觉得自己很强的阮白在角色复活后就开始往前虫了:“艾瑞利安等等我,我们一起走。”
艾瑞利安乖巧的点头:“好。”
阮白觉得两个输出不太好一起走,“等下我玩辅助,我奶你——等等你在干什么?”
艾瑞利安瞬间把阮白抱在了怀里,嘴里轻轻含着阮白的小奶子,他嗦了两口,在阮白面无表情甚至有些想打人的眼神下松开了嘴。
艾瑞利安委屈巴巴:“妈妈说奶我的。”
阮白面无表情:“我说的是游戏里面奶你。”
艾瑞利安:“≧w≦”
阮白不高兴地从艾瑞利安身上下来,看了眼游戏屏幕。
阮白指指点点:“我又死了。”
艾瑞利安又把阮白抱了回去:“那……妈妈可以在游戏外继续奶我。”
阮白:“……”
好粘人的虫。
也许是阮白脸上表现出了实质性的不高兴,艾瑞利安迟疑的讨好般的往妈妈怀里钻,“妈妈……对不起……不高兴的话可以惩罚我……”
艾瑞利安又从一旁的背包里掏出几个项圈锁链皮鞭等等一系列东西:“妈妈不高兴的话可以惩罚我……怎么样都好,只要妈妈开心了就好。”

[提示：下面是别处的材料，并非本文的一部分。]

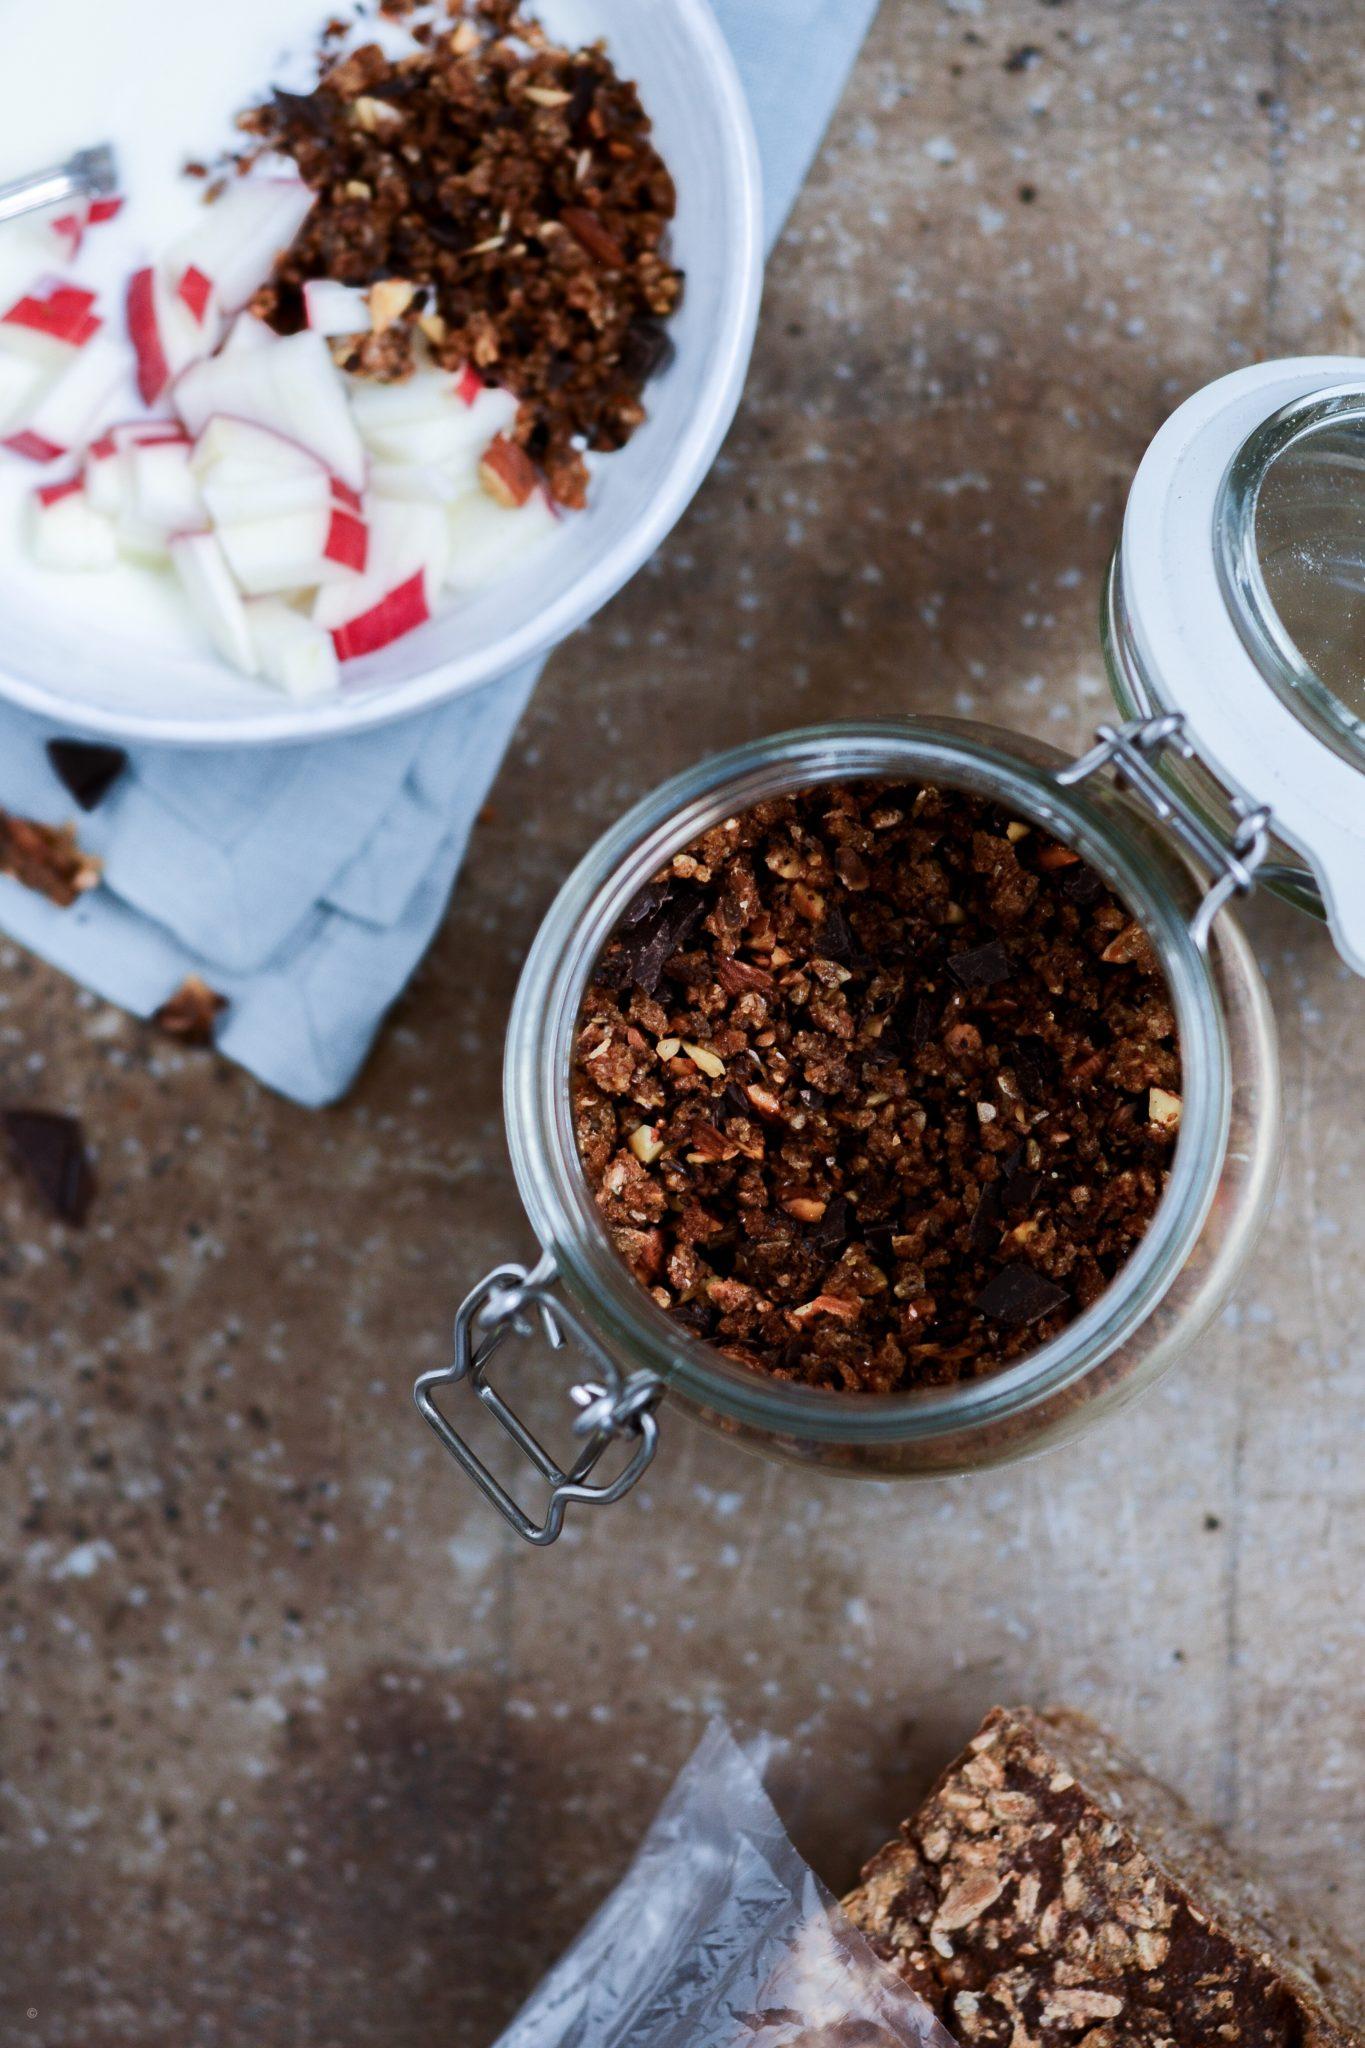 rugbrødsknas med mandler og mørk chokolade til morgenmaden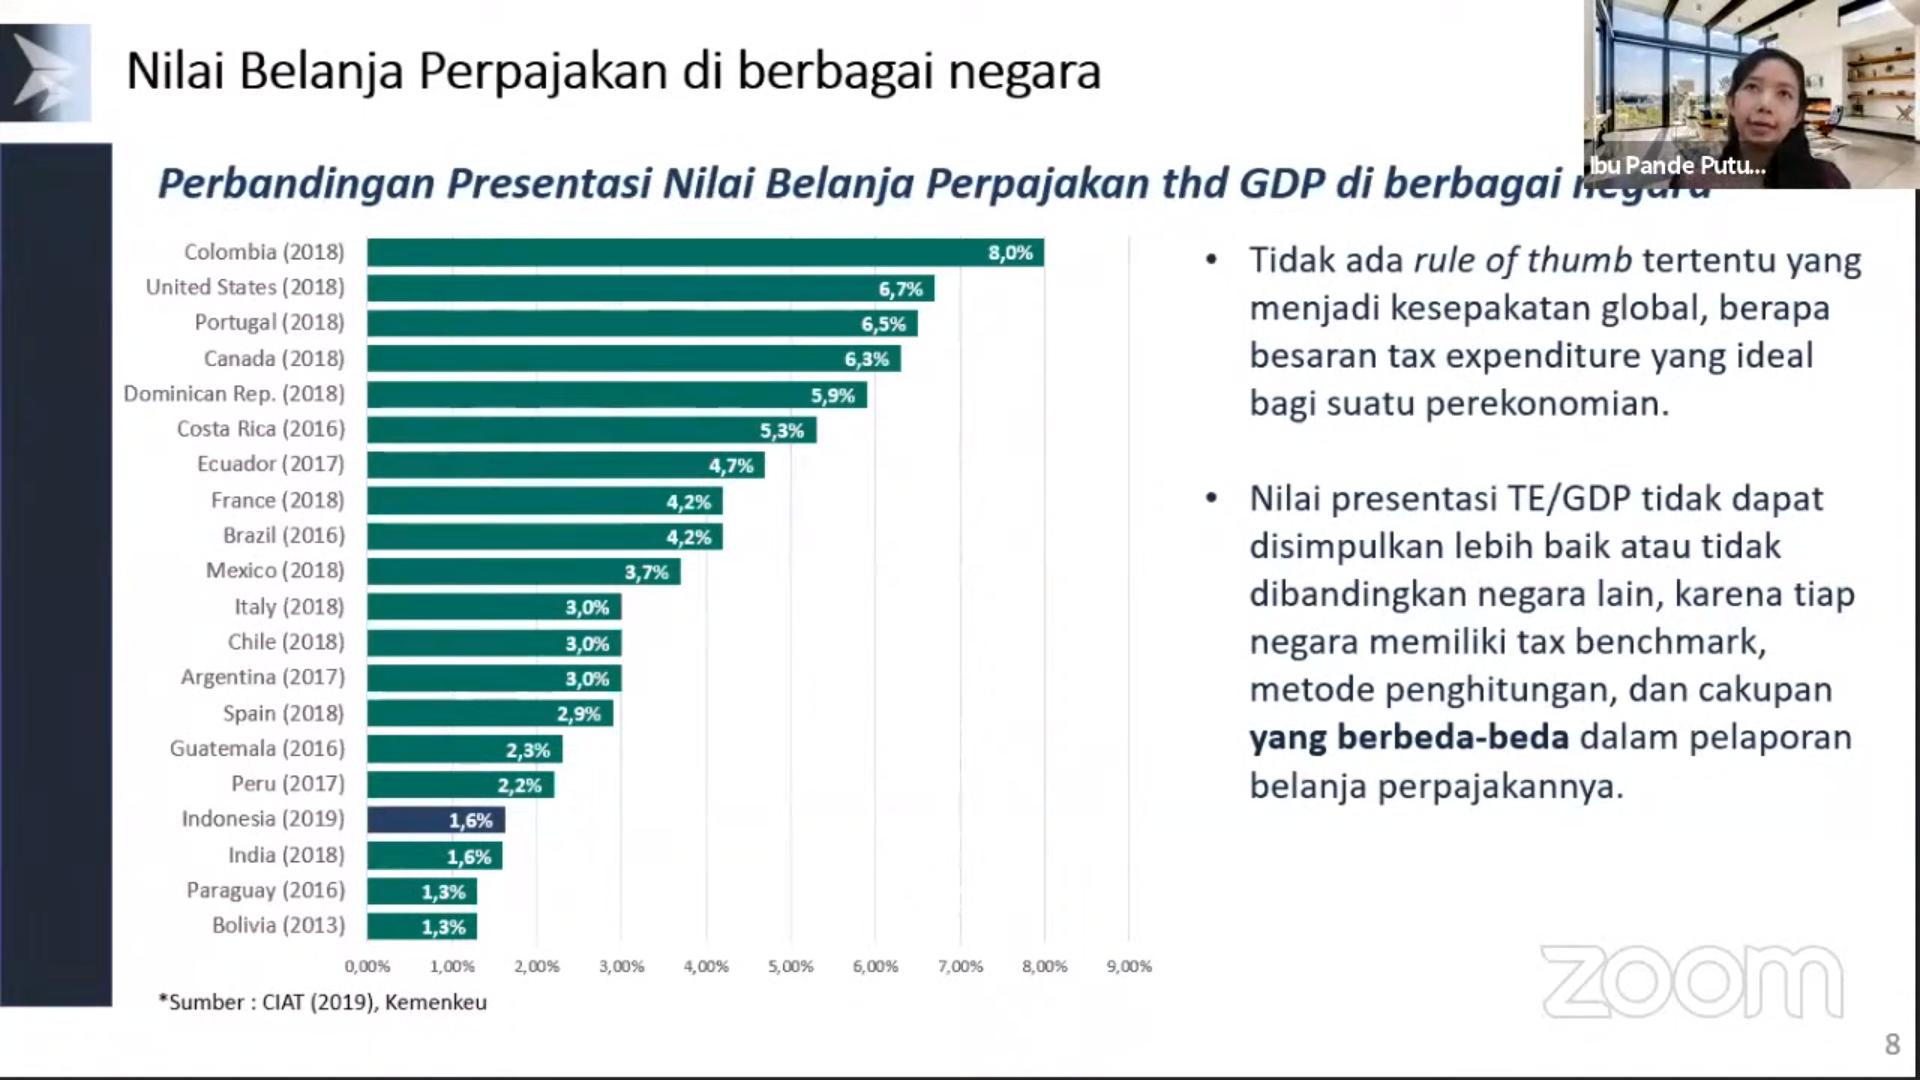 BKF: Nominal Belanja Perpajakan Antarnegara Tak Dapat Dibandingkan

阮白没好气的看了眼对方的裤裆:“好呀,那你先把自己掐软再跟我说话。”
艾瑞利安是个乖巧、听话、无条件服从阮白的雄虫,他从阮白怀里起来,脱掉了裤子,露出了早就硬邦邦的鸡巴,毫不客气的,他狠狠地掐了一下。
鸡巴软了。
鸡巴硬了。
艾瑞利安又狠狠地掐了一下。
鸡巴又软了。
……鸡巴又开始硬了。
…………掐都掐不软了。
阮白被吓了一跳。
这雄虫能处,自己说话他是真的听啊!
这一下子让阮白来了兴趣,要知道宗镇和菲尼克斯虽然嘴上说的喜欢他,想要当他的狗,但是每次在床上的时候都不听他的话!就是很过分的那种!超级坏!
这个雄虫!他是真的听话啊!
阮白小心思瞬间起来了,被圈养了这么长时间,说很开心这怎么可能,但是很难过好像也没有……毕竟雄虫们对他是真的好,穷尽奢欲,金碧辉煌,只要他想要什么,哪怕是随口说的,这些雄虫也会像是闻了腥的猫一样把一切都送给他。
……就是大坏蛋宗镇不直接给他钱。
那么这个雄虫呢。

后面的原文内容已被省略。